Riceverai puntualmente notizia dei nuovi articoli.
E destina il tuo 5 X 1000 al Circolo Miani scrivendo il Codice Fiscale 90012740321 nella apposita casella delle associazioni di volontariato sulla tua dichiarazione dei redditi, qualunque essa sia.



Solite elezioni, solito non voto, crescente.

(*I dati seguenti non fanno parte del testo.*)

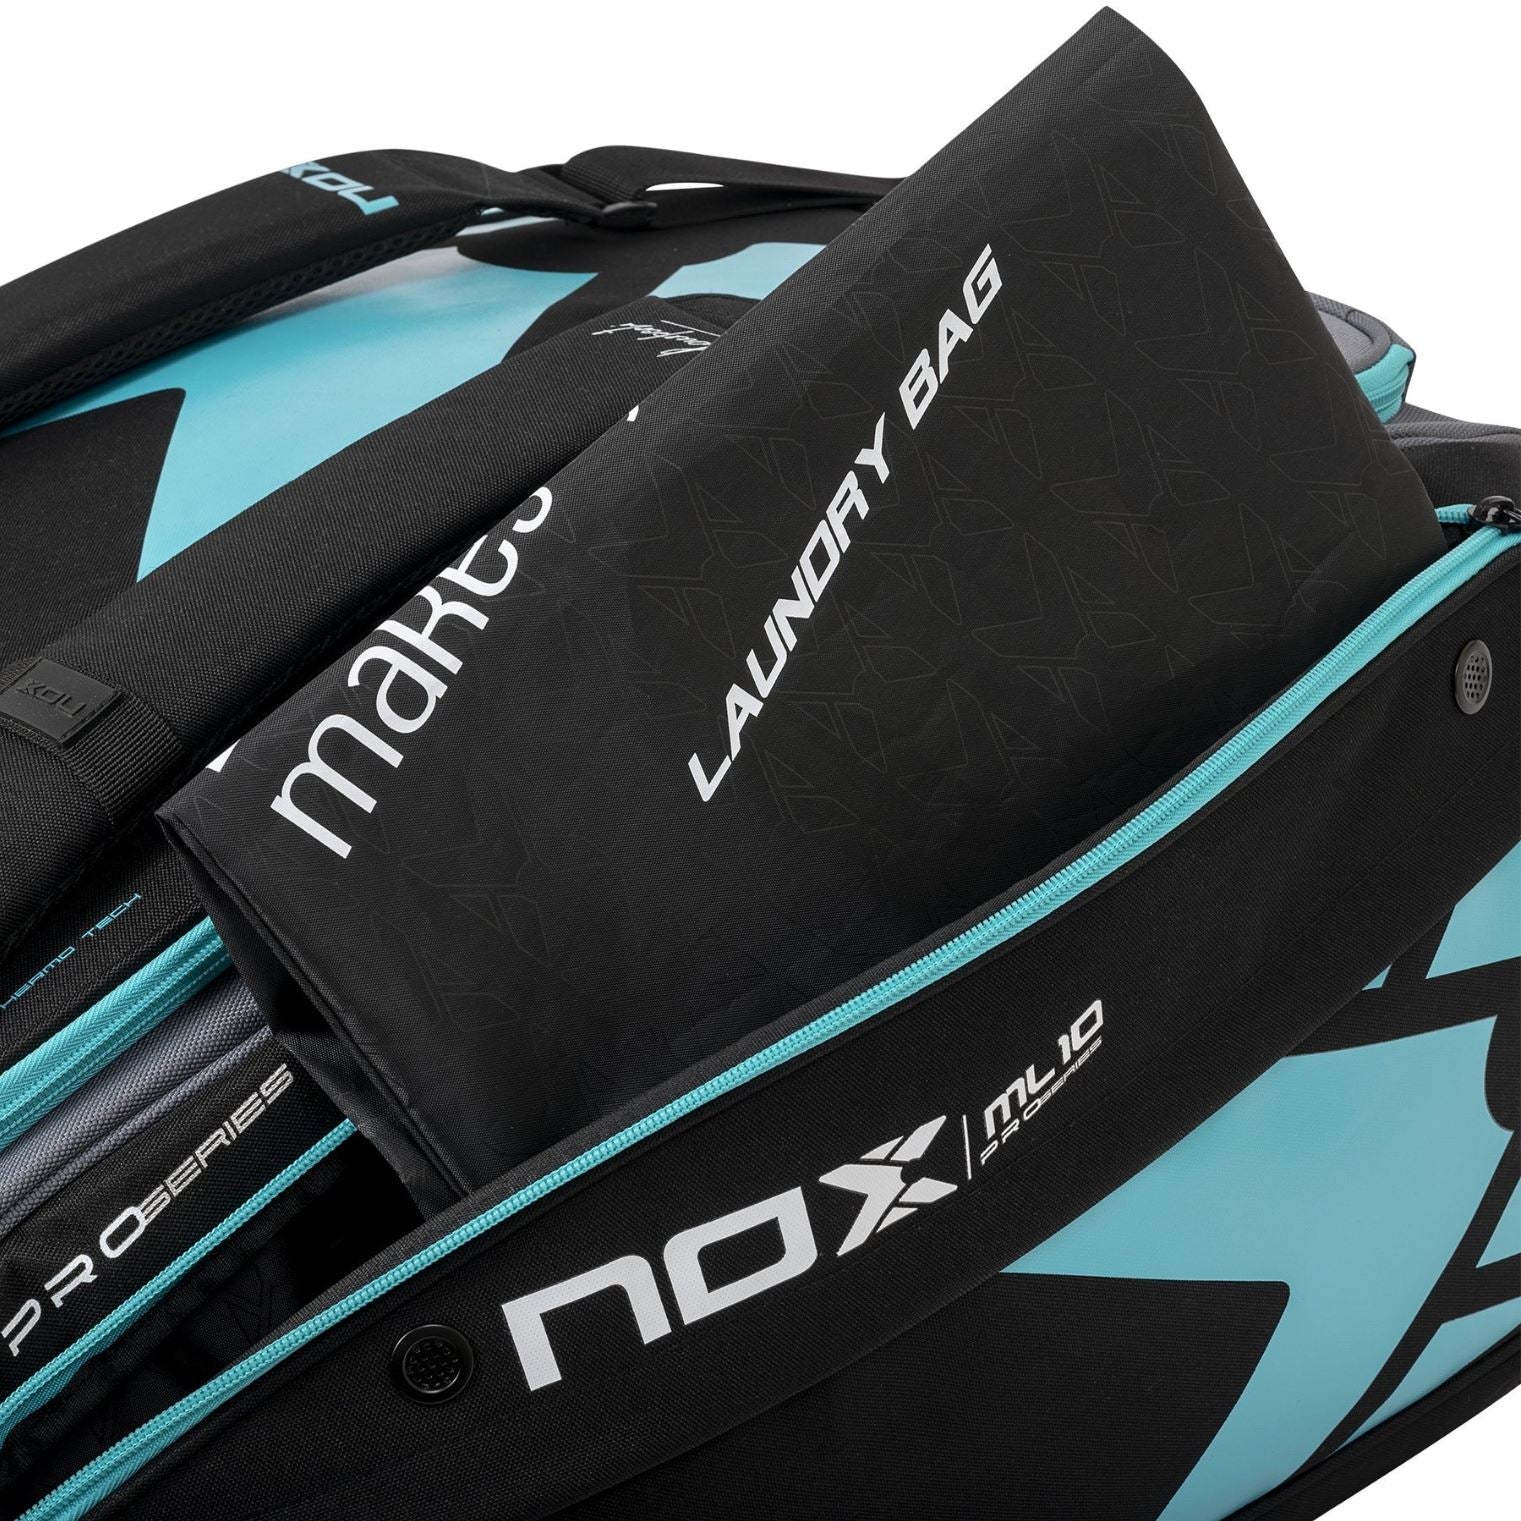 Nox ML10 Competition XL Compact Padel Bag

» Inviato da valmaura il 14 June, 2022 alle 11:47 am

Viene un po', tanto, di voltastomaco a leggere le paginate di commenti dei politici di ogni ordine e grado sui risultati elettorali delle amministrative.
Per i Referendum, con il peggior risultato di votanti nella loro storia, i commenti sono inutili come i peli superflui. Un disfatta dei promotori (centrodestra più renziani, che oramai sono la stessa cosa) dove i numeri dicono tutto ed ogni parola appare inutile. Peccato, perchè l'unica vera riforma della Giustizia, e Dio sa quanto ce ne sia bisogno, quella firmata dal Guardasigilli Bonafede da mesi è oggetto di peggioramenti a tutto favore delle “caste”, anche giudiziarie, da parte della politica dei “migliori”, Cinquestelle esclusi ovviamente che la riforma era del loro ministro.
Ma torniamo alle elezioni amministrative, dove il vero dato preoccupante è la vittoria di un sindaco, quello di Palermo, di cui molti autorevoli sponsor politici, ed anche due candidati finiti in carcere, avevano rapporti con la mafia.
Per il resto, a partire dalla nostra Regione, prosegue stabilmente il crollo del numero dei votanti: oramai votano in meno della metà. E questo vale anche per Duino Aurisina, se invece di ciurlare nel manico, politici e giornalisti facessero onesto riferimento ai soli voti validi (49%).
Ma il dato preoccupante è appunto l'astensionismo nei comuni, grandi o piccoli che siano, dove si decide della quotidianità della vita dei cittadini. E qui la scelta di non partecipare alle decisioni che riguardano da vicino i residenti è puro autolesionismo, arricchito da un tocco di grottesca imbecillità quando poi gli stessi per i prossimi cinque anni continueranno a lamentarsi, al bar o dal barbiere, delle decisioni sbagliate assunte dalle loro amministrazioni e che penalizzano la loro vita.
La soluzione? Una sola: inevitabile, logica e ragionevole, a patto che i cittadini si ricordino di essere tali, ovvero i padroni delle scelte da assumere fuori dalla porta della loro casa: la cancellazione degli inutili simboli di partito, delle logiche di schieramento e di parte sull'amministrazione del bene comune.
Ovvero se si vuole recuperare credibilità e partecipazione è sul “civismo” che bisogna puntare: su liste, formate e costruite da persone di buona volontà, e magari anche di un minimo di competenze, che si impegnino a risolvere i problemi che angustiano la vita della comunità, a migliorare il suo benessere ed a garantire un futuro di prosperità per tutti, a partire da quelle persone che si trovano a vivere la quotidianità con maggiori difficoltà.
Qui, nei comuni grandi o piccoli, non si tratta di affrontare questioni ideologiche ma di risolvere problemi ed emergenze che sono uguali per tutti, qualunque siano le preferenze politiche o di parte di questi tutti.
Insomma se uno sta male non chiede al medico che gli deve salvare la vita per chi vota o quale tessera di partito abbia in tasca, ma solo se sia bravo e competente, imbecilli esclusi si intende.
Ma dai commenti del giorno dopo pare che questi politici: locali, regionali e nazionali, continuino imperterriti a non voler capire e pertanto spetta ai cittadini farli accomodare alla porta e prendere in mano il loro destino. E prima lo faranno meglio sarà per tutti, noi.